Notice how much faster the second call is. This is because the computational graph is [XLA compiled](https://www.tensorflow.org/xla) in the 1st run and re-used in the 2nd behind the scenes.

The quality of the generated text looks OK, but we can improve it via fine-tuning.
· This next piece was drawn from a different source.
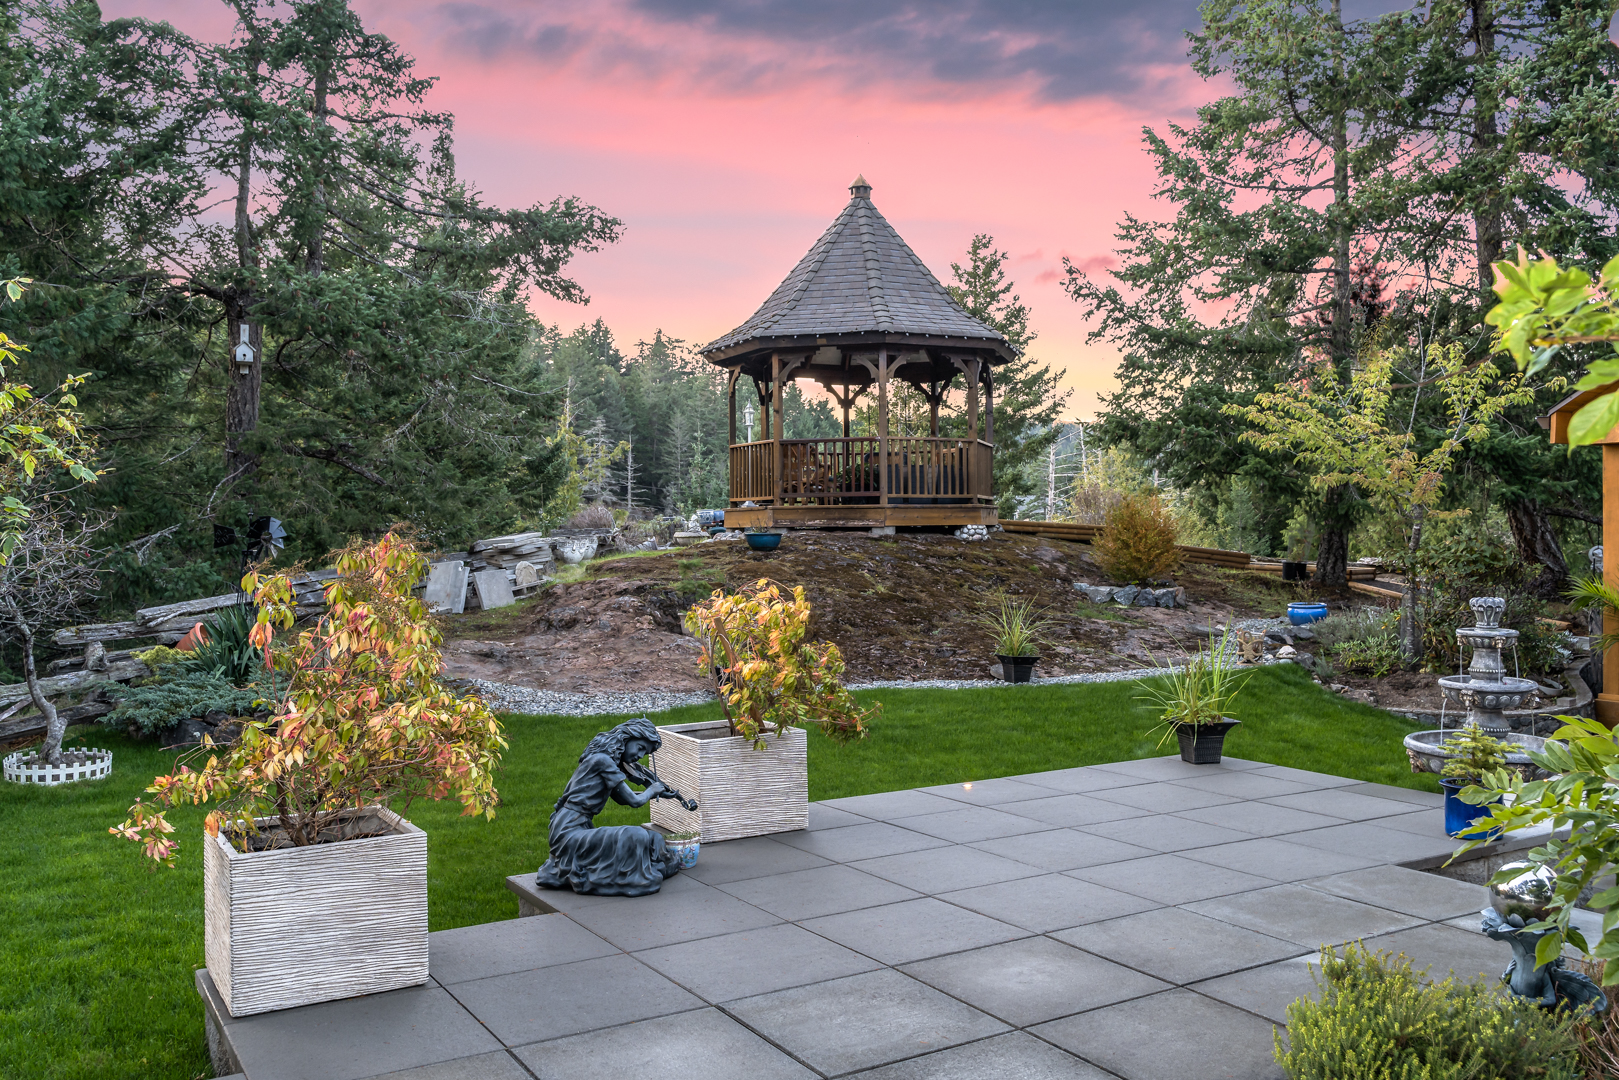 Backyard patio with gazebo perched on top of rock

# Save the pre-trained GPT-2 model to storage

You can save the model in different formats depending on how you intend to serve the model. In short, this save will enable us to do early online experimentation with the pre-trained model.

In [None]:
# Local storage

gpt2_lm.save("../models/gpt2_lm.keras")
# gpt2_lm.save('../models/gpt2_lm.h5')

## Save to S3 Object Storage (Minio)

Lets use the NVIDIA Triton model folder structure to store the saved models

Triton model folder structure:
```
models (provide this dir as source / MODEL_REPOSITORY )
└─ [ model name ]
    └─ 1 (version)
        └── model.savedmodel (we will use .keras)
            ├── saved_model.pb
```

In [None]:
# install requirements

%pip install -U boto3 python-dotenv -q

In [None]:
# assuming Minio is deployed, populate the environment variables

!  echo "AWS_S3_BUCKET=${AWS_S3_BUCKET:-models}" > .env
!  echo "AWS_S3_ENDPOINT=${AWS_S3_ENDPOINT:-http://minio.minio.svc:9000}" >> .env
!  echo "AWS_ACCESS_KEY_ID=$(oc -n minio extract secret/minio-root-user --keys=MINIO_ROOT_USER --to=-)" >> .env
!  echo "AWS_SECRET_ACCESS_KEY=$(oc -n minio extract secret/minio-root-user --keys=MINIO_ROOT_PASSWORD --to=-)" >> .env

In [None]:
# import the packages

import os, boto3
from dotenv import load_dotenv

load_dotenv()

In [None]:
# upload the models from local storage to S3

local_path = "../models"
remote_path = "gpt2/1"

bucket = os.getenv("AWS_S3_BUCKET", "models")

s3 = boto3.client(
    "s3",
    endpoint_url=os.getenv("AWS_S3_ENDPOINT", "http://minio.minio.svc:9000"),
    aws_access_key_id=os.getenv("AWS_ACCESS_KEY_ID", "minioadmin"),
    aws_secret_access_key=os.getenv("AWS_SECRET_ACCESS_KEY", "minioadmin"),
)


if bucket not in [bu["Name"] for bu in s3.list_buckets()["Buckets"]]:
    s3.create_bucket(Bucket=bucket)


def uploadDirectory(path, bucketname):
    for root, dirs, files in os.walk(path):
        for file in files:
            print(f"uploading: {file} to {bucket}/{remote_path}")
            s3.upload_file(
                os.path.join(root, file), bucketname, f"{remote_path}/{file}"
            )
            print("[ok]")


uploadDirectory(path=local_path, bucketname=bucket)

# Please Clear All Outputs and close the notebook before running 02_ notebook.